Deciding to have a baby amid the climate crisis: whatever you're feeling, you're not alone
Having a child is a deeply personal decision made more complicated by dire predictions for the future
The Climate Baby Dilemma airs Friday, November 25th at 9pm on CBC and is now streaming on CBC Gem.
Have you ever felt a mixture of joy and sadness when looking at a child's face? At first glance, their adorableness rouses glee. But then you think about the water shortages, extreme weather, and deepening inequality that scary climate headlines constantly tell us is coming for their generation, and therein lies the grief.
The global climate crisis is affecting how young people feel about having children.
One in four childfree American adults, according to a poll released by Morning Consult in 2020, say climate change is a factor in their decision to not have kids.
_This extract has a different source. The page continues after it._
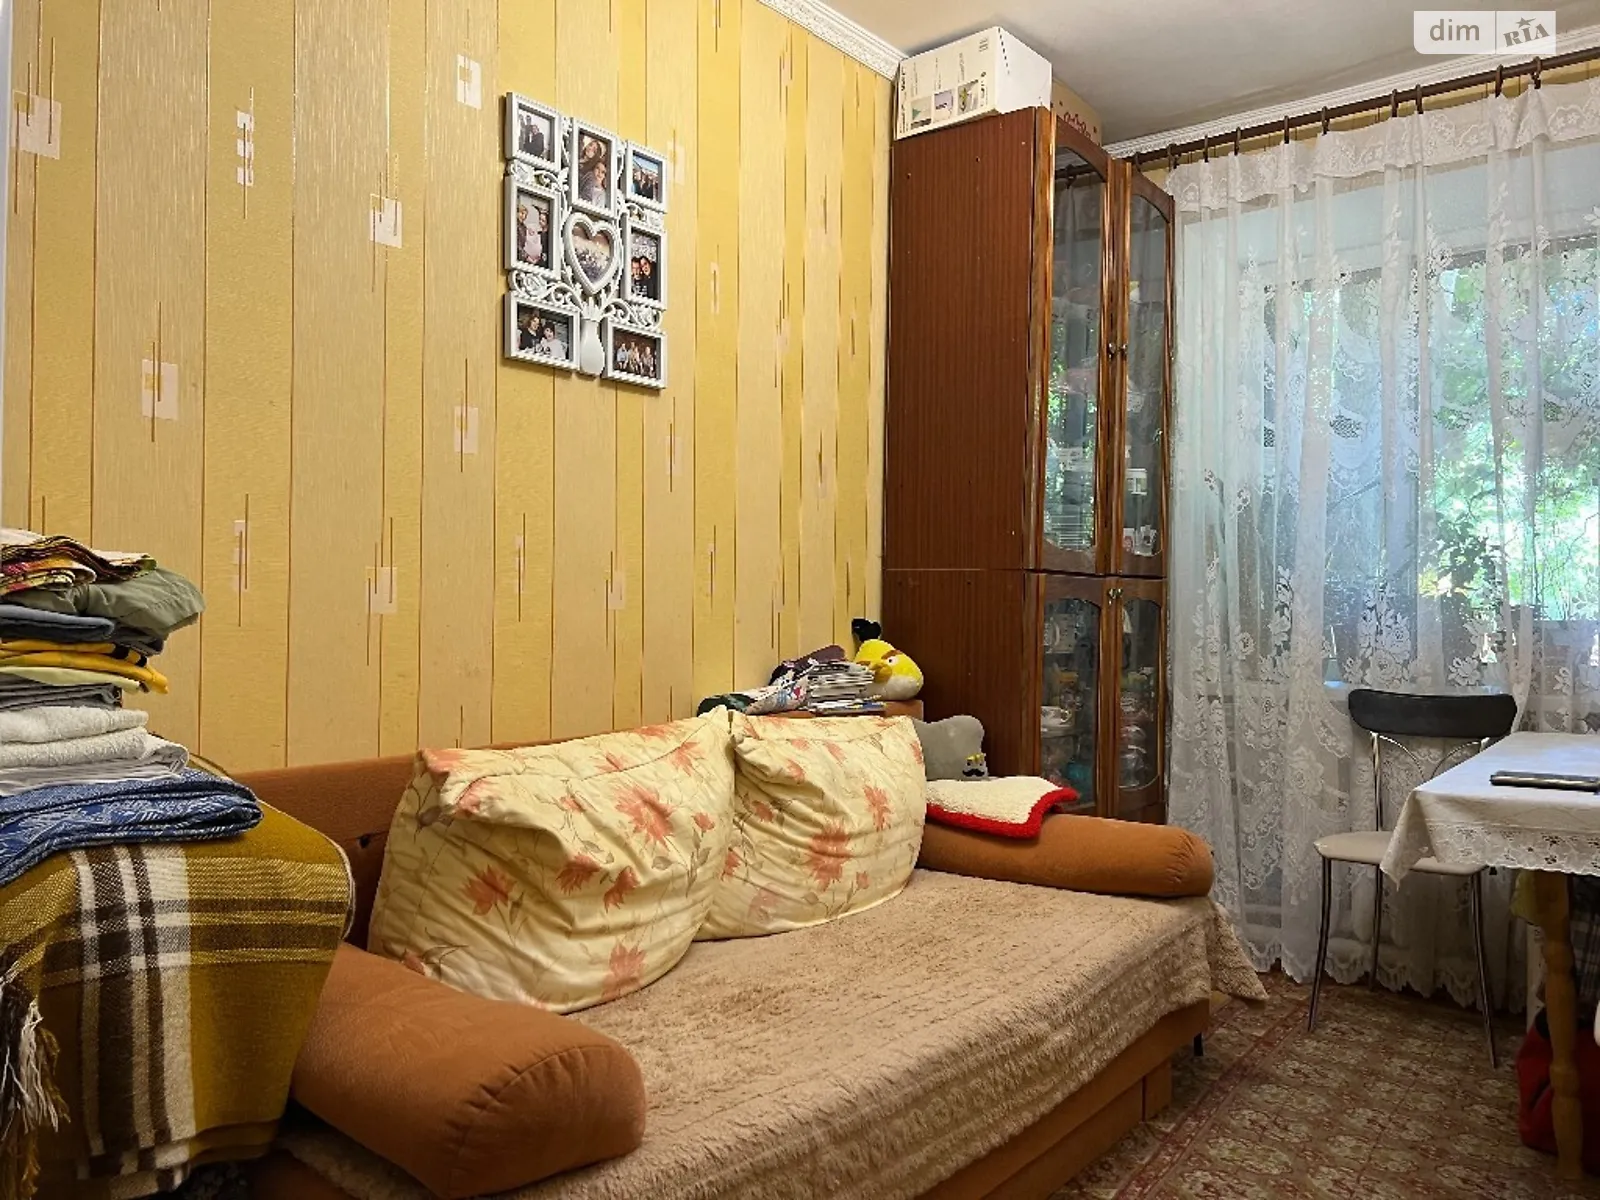 Продается комната 10 кв. м в Одессе, цена: 7000 $ - фото 1

In 2021, I co-authored a global study that was published in The Lancet. We surveyed 10,000 youth in 10 countries, and nearly 40 per cent of 16- to 25-year-olds reported feeling hesitant to have kids one day because of climate change.
Many young activists are connecting their reproductive decisions to their climate fears. In 2019, 18-year-old Canadian student Emma Lim created #No Future, No Children, a pledge not to have children until governments take serious action against climate change. More than 10,000 young people took the pledge by 2020.
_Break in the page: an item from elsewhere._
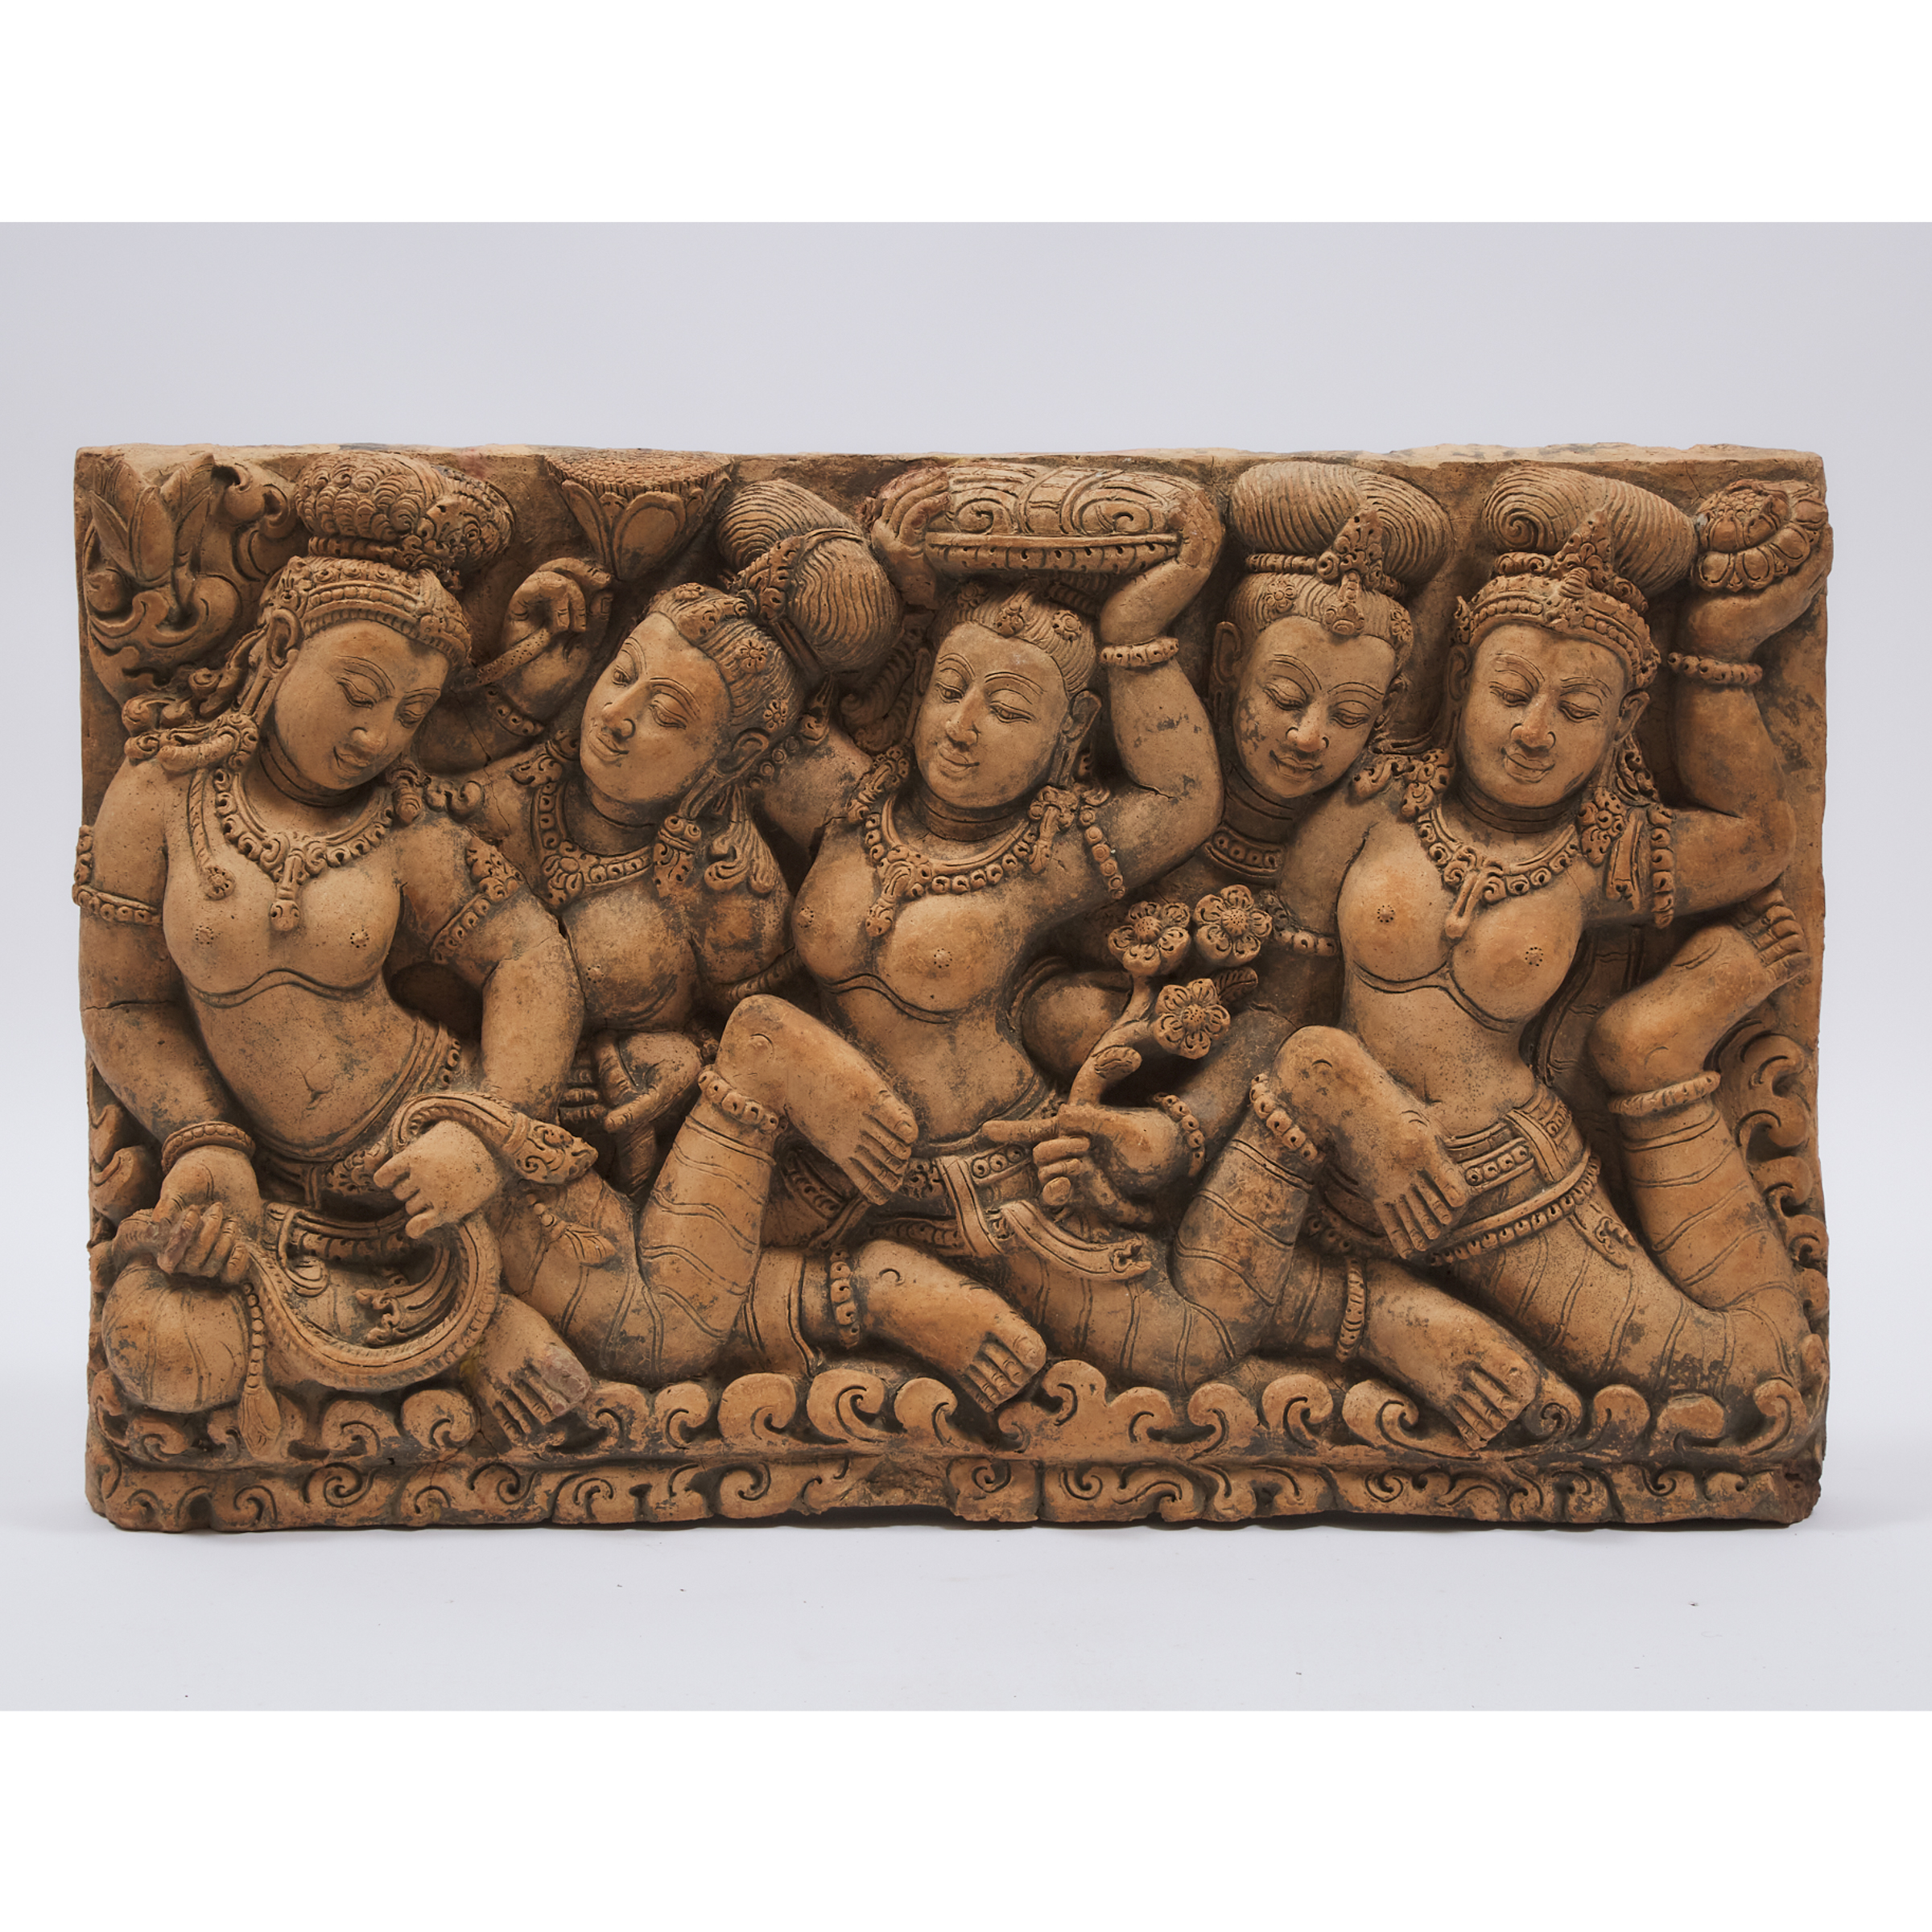 A Massive Thai Terracotta Panel Depicting Female Deities, 15th Century or Later

In the CBC Docs Original The Climate Baby Dilemma, I talk to people who are hesitant to bring new life into the world amidst their climate anxiety. I also meet parents who are emboldened to act, fighting for a better future for the children they have.
Whatever you're feeling, you're not alone
Perhaps you've questioned having kids, considered adoption so you can have a family without committing another new person to our turbulent world, or experienced sleepless nights because your kids are already here and thinking about their future makes you anxious.
If so, you're not alone.
I myself faced the question of whether to have a baby while writing Generation Dread, a book about the mental health impacts of the climate crisis.
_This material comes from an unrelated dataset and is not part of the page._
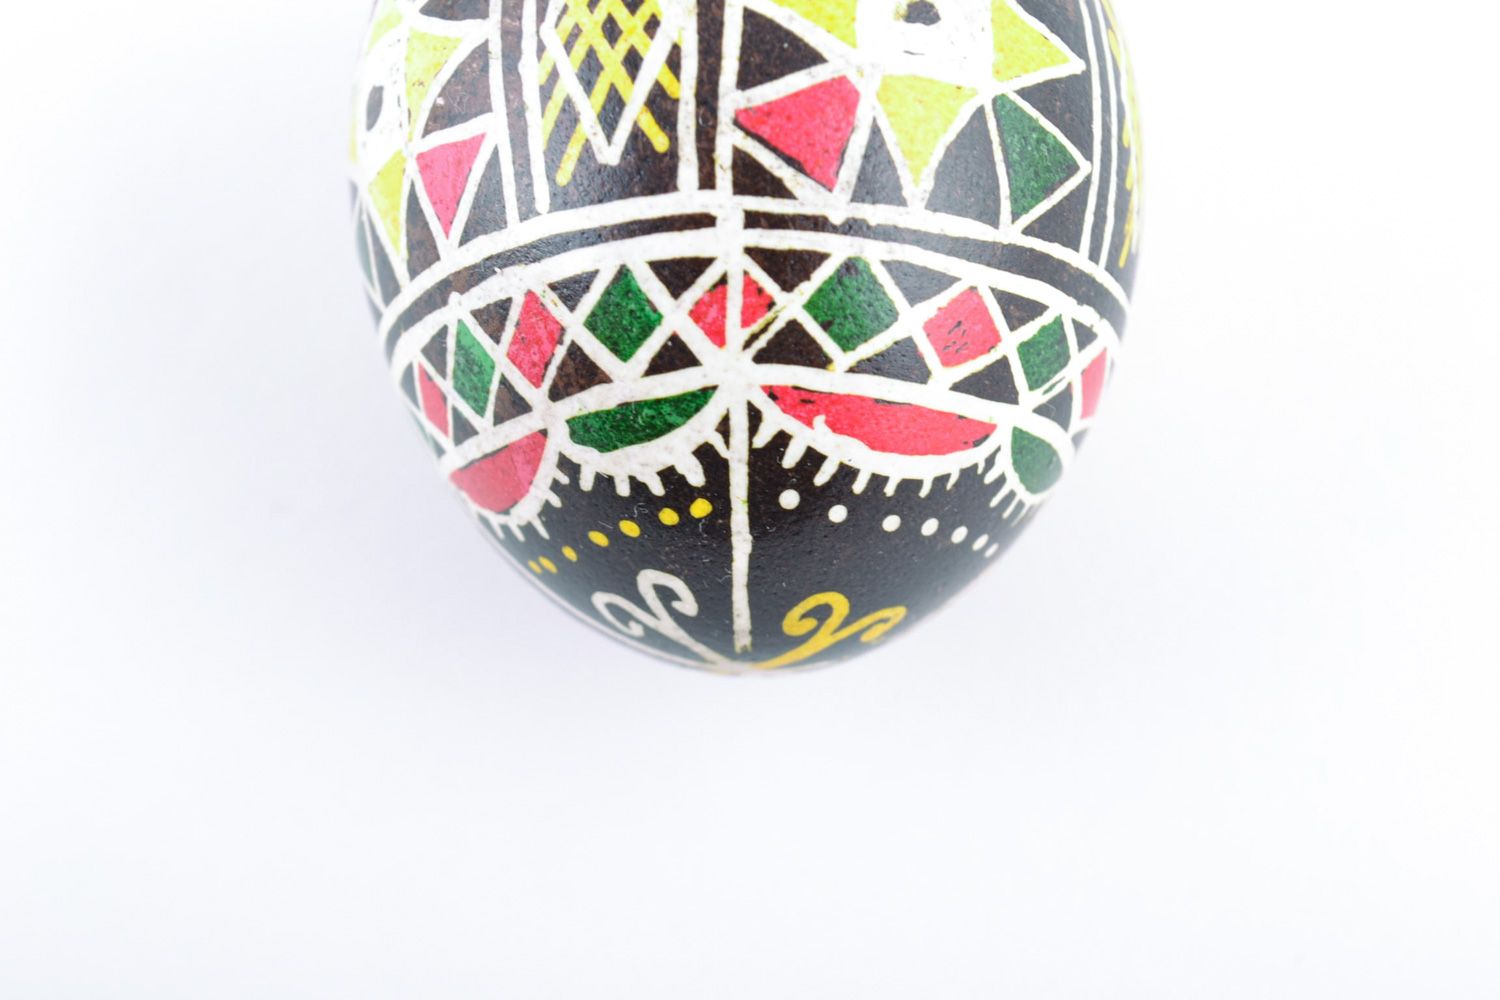 Oeuf de Pâques décoration faite main cadeau original symbolique pour Pâques photo 3

If you're on the fence about having children thanks to the climate emergency, firstly, I'm sending you compassion. I know it's not a fun place to be.
Coming to a decision around this dilemma is not easy, and for some, it's downright excruciating. While the pressures causing this are public concerns, it's an entirely personal decision with no right answer.
With so many people now perched on this fence, I'd like to share some of the perspectives that helped me think and feel through my own decision.
Having a child is a hopeful act
As the former Czech president Václav Havel put it, hope "is not the conviction that something will turn out well, but the certainty that something makes sense, regardless of how it turns out."
Ask yourself: would having a child, with all the love, growth and hardship it brings into existence, be meaningful enough to you that it would make sense to go through with it, regardless of how the climate crisis develops?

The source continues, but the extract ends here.